Кончилось райское время наших детей, начинается долгий или уже безысходный период, когда цветы уже опали, а яблоки зеленые, нестерпимо кислые и совсем несъедобные. Надо видеть и уважать восстание духа, «вначале шатаясь на ватных ногах, клубясь, утыкаясь, петляя в кустах». Дым то же, что дух. Надежда может оставаться только на то, чтобы не слишком много загубить, избежать бессмысленной склоки, такой частой в семьях. Анастасия Ивановна Цветаева говорила по телевизору, что в последнем доме Цветаевой, в глухих Чебоксарах, шли постоянные ссоры между матерью и сыном; кого-то из нас вынесут из этого дома ногами вперед, — сказал он, как бывает в горечи, а она услышала как пророчество, решила, что вынесут именно только одного из двоих. Я не думаю, что средненормальные семьи бывают иначе как в помрачении и равнодушии; острота близкого присутствия превратится в ад, если не станет раем. У патера Станислава Добровольского в Паберже, автобусная остановка называется Tiltas, я видел человека с тридцатилетней лагерной школой. Он был не отдельный человек, а чуткий инструмент настройки на присутствие, вся функция которого к ней и сводилась. Говорят о «существе человека», но тут оно было тактичной внимательностью и не оставляло себе ничего приватного: что оставалось от человека, стало прозрачным, и не чувствовалось никакой потери, пустоты; только надежная уверенность, что не встретишь в другом суда и подозрения. Вот мои мечты.

Последнее время я много читаю и листаю, но западает очень мало что: ваша классическая сердитая вещь об успехе в НЛО, странным образом, — как запоминаются калеки в метро — алфавитные мудрости Михаила Леоновича Гаспарова, роман Маканина о герое нашего времени: предсмертный хрип писателя, схватившего себя за горло, все та же группа Лаокоона, но нервная, взвинченная.
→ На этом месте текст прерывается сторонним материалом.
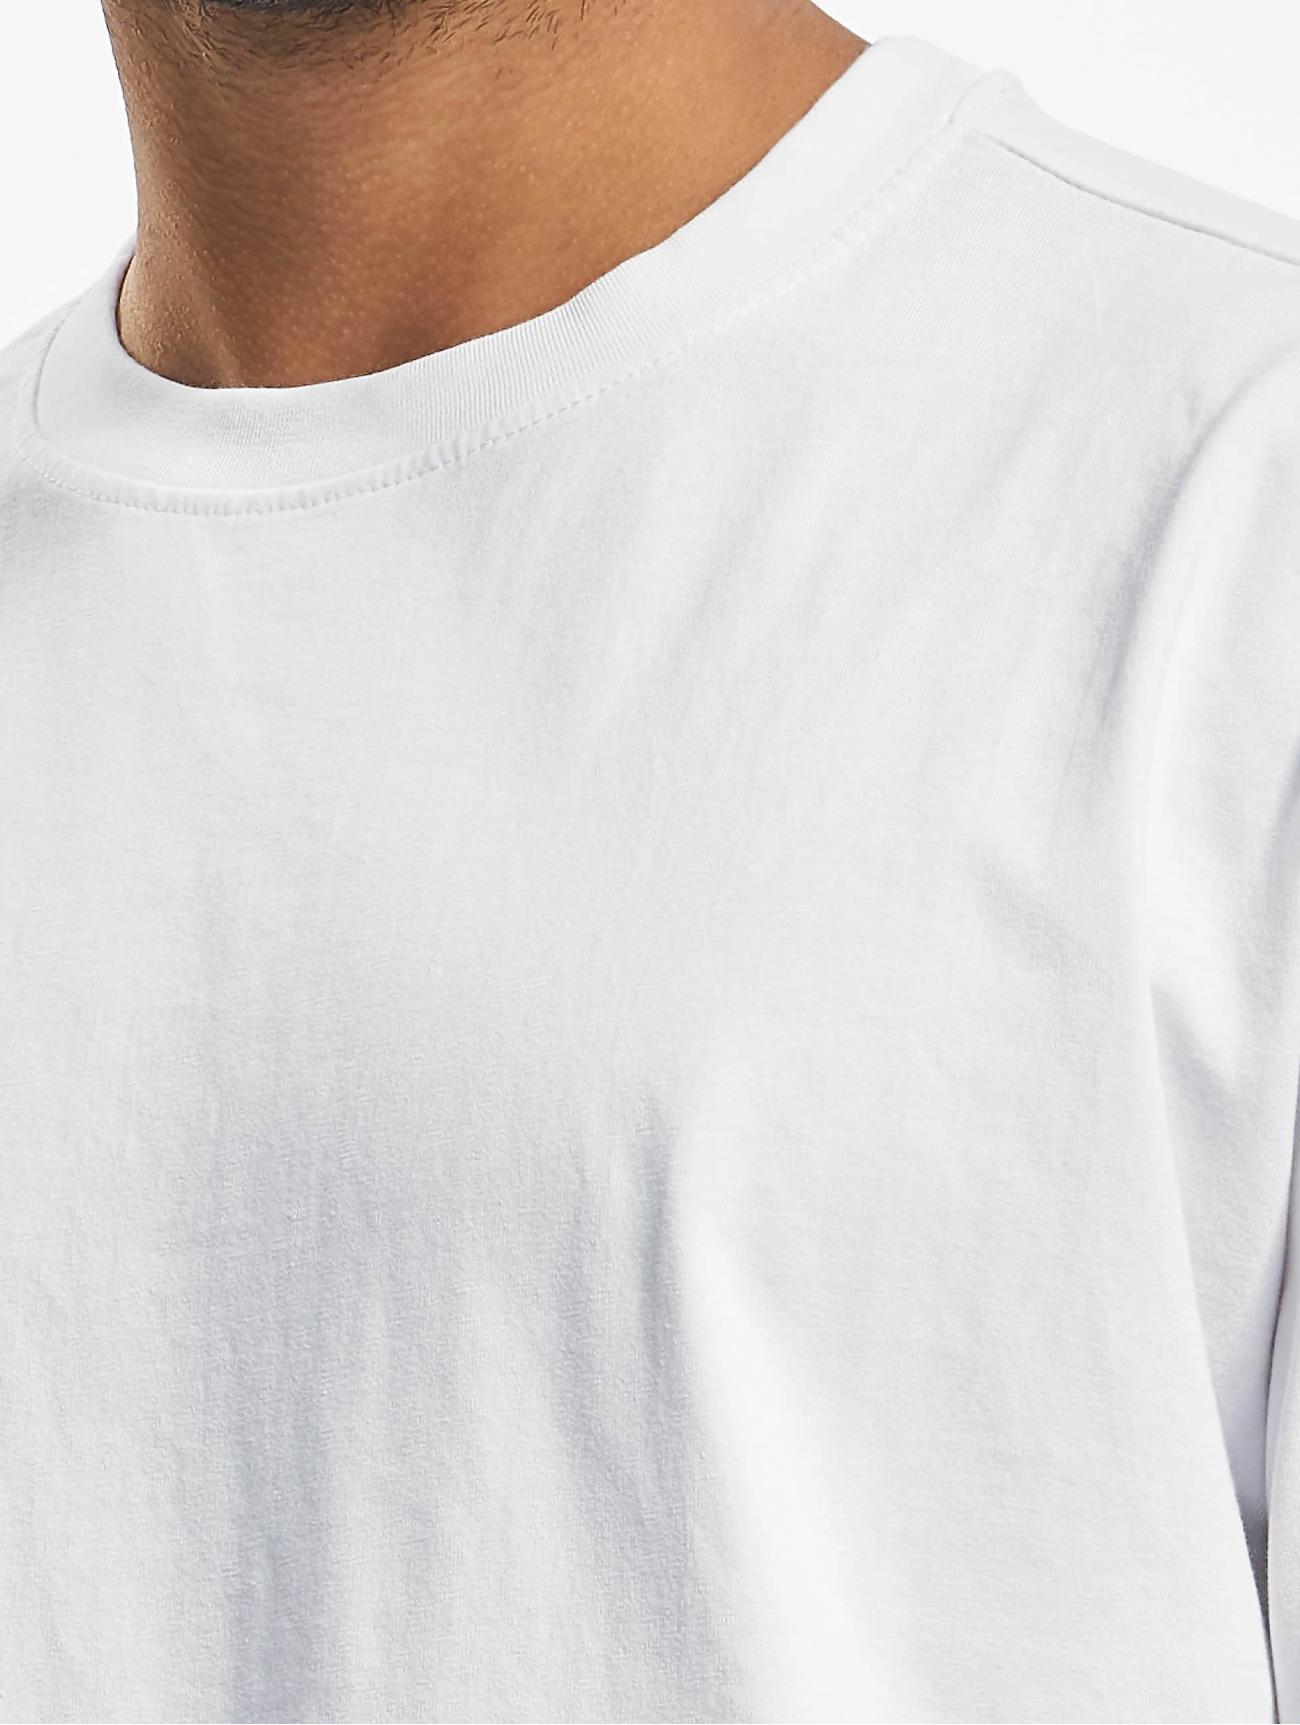 Urban Classics | Boxy Heavy  blanc Homme T-Shirt manches longues  562875| Homme Hauts

Я жду Вашей книги, она будет событием века.

С постоянными мыслями о Вас,

Ваш В.


Примечания

1. Имеется в виду о. Георгий Чистяков. О.А. Седакова: В публикации этой части переписки мы вводим различение двух типов комментариев: редактора текста О.Е. Лебедевой и О.А. Седаковой: последние отмечены знаком *.

2. Косвенная цитата из книги бесед Оливье Клемана с Патриархом Афинагором (“Roma — Amor”: эта книга в переводе Вл. Зелинского ходила в самиздате еще до публикации).
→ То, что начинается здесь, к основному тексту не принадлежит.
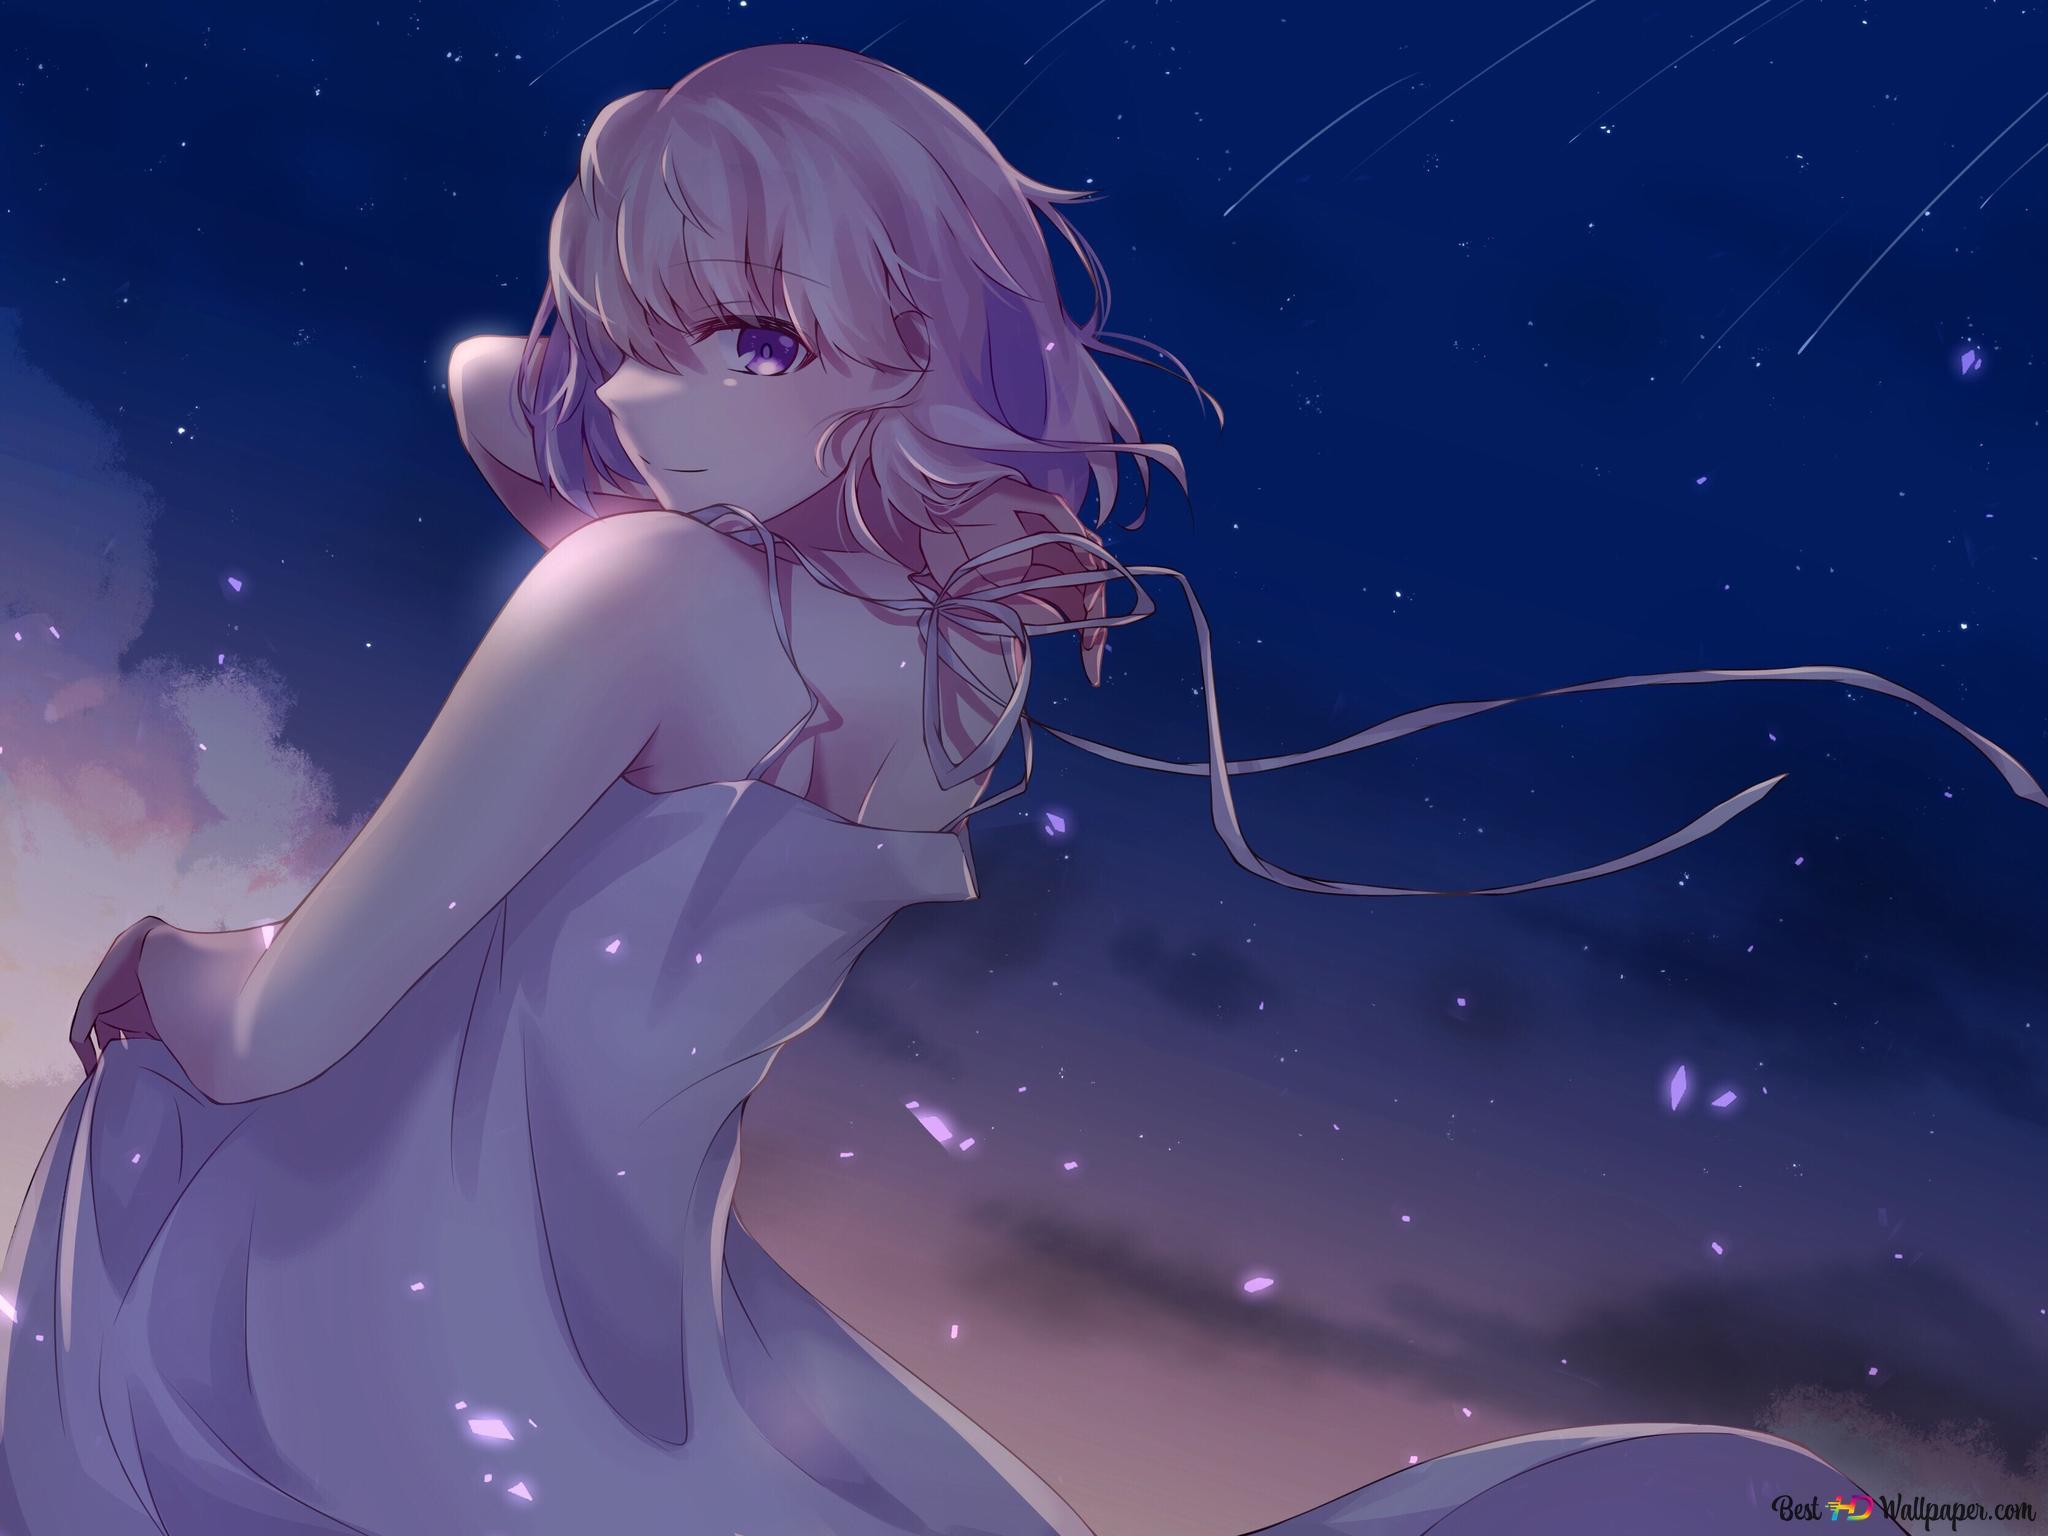 Anime Wallpaper Hd Mashu Fate Grand Order Wallpaper

3. То есть Любовь и Надежда.

4. Имеется в виду энциклика Иоанна Павла, посвященная восточнохристианской традиции, Orientale lumen, 1996 («Свет с Востока»), отклики на которую нам предложили написать. Впоследствии собрание этих откликов (С. Аверинцева, С. Хоружего, В. Бибихина и мой) были изданы по-французски и затем переведены на итальянский.

5. Приписано от руки.

6. Прозаическое описание Бахчисарайского фонтана из письма Пушкина Дельвигу. — Ред.

7. Мы обсуждаем мою работу «Медный Всадник: композиция конфликта».

8. Подписано от руки.

9. Пропускаю целиком «сердитое письмо», о котором речь заходит в дальнейшем: это была моя попытка уговорить В.В. обратиться к врачам.
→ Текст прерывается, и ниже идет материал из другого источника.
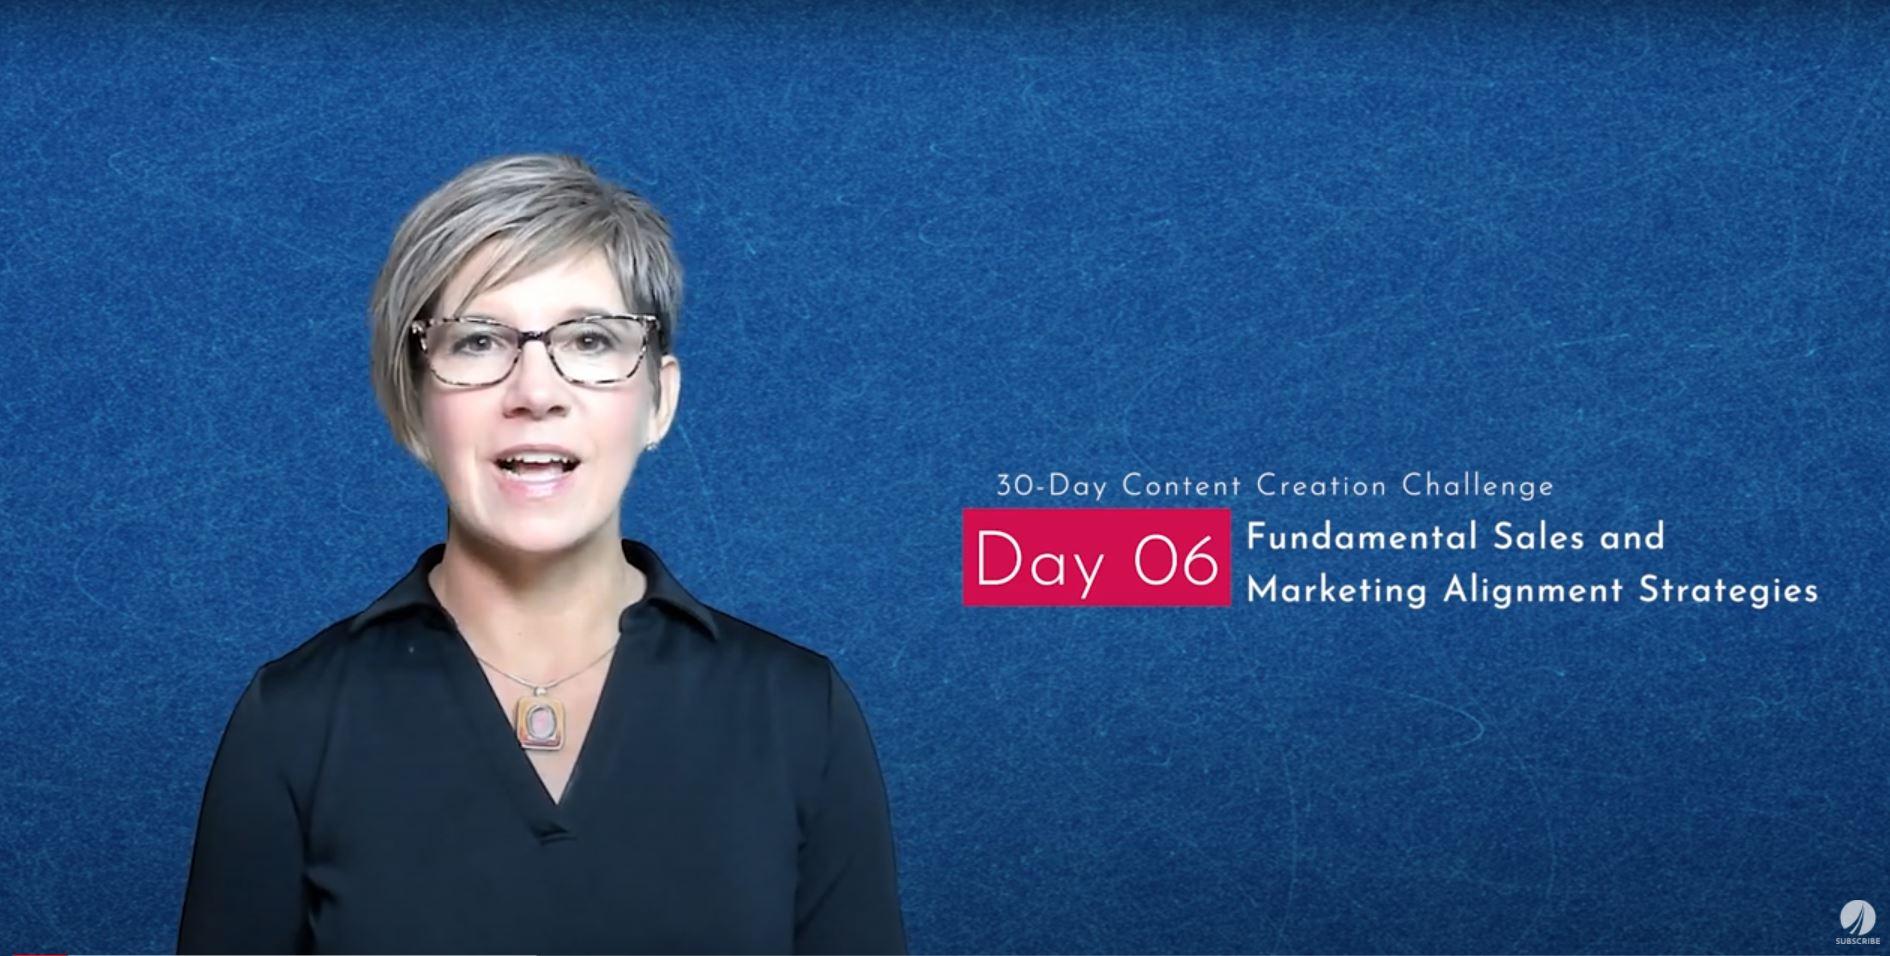 Read: Fundamental Sales and Marketing Alignment Strategies

10. Николай Славянский (псевдоним). Речь идет о его разгромной статье в «Новом мире», посвященной моим стихам. В.В. ответил на эту статью, но его ответ не был опубликован.

11. Франсуа Федье (Francois Fedier) — французский философ, переводчик М. Хайдеггера и Фр. Гёльдерлина. «Похвала поэзии», которую он начал переводить с французского подстрочника В.В. Бибихина, вышла в переводе Жислен Барде.

12. Аверинцеву.

13. Как жаль, что Вас тут нет! Мне в самом деле жаль! (ит.)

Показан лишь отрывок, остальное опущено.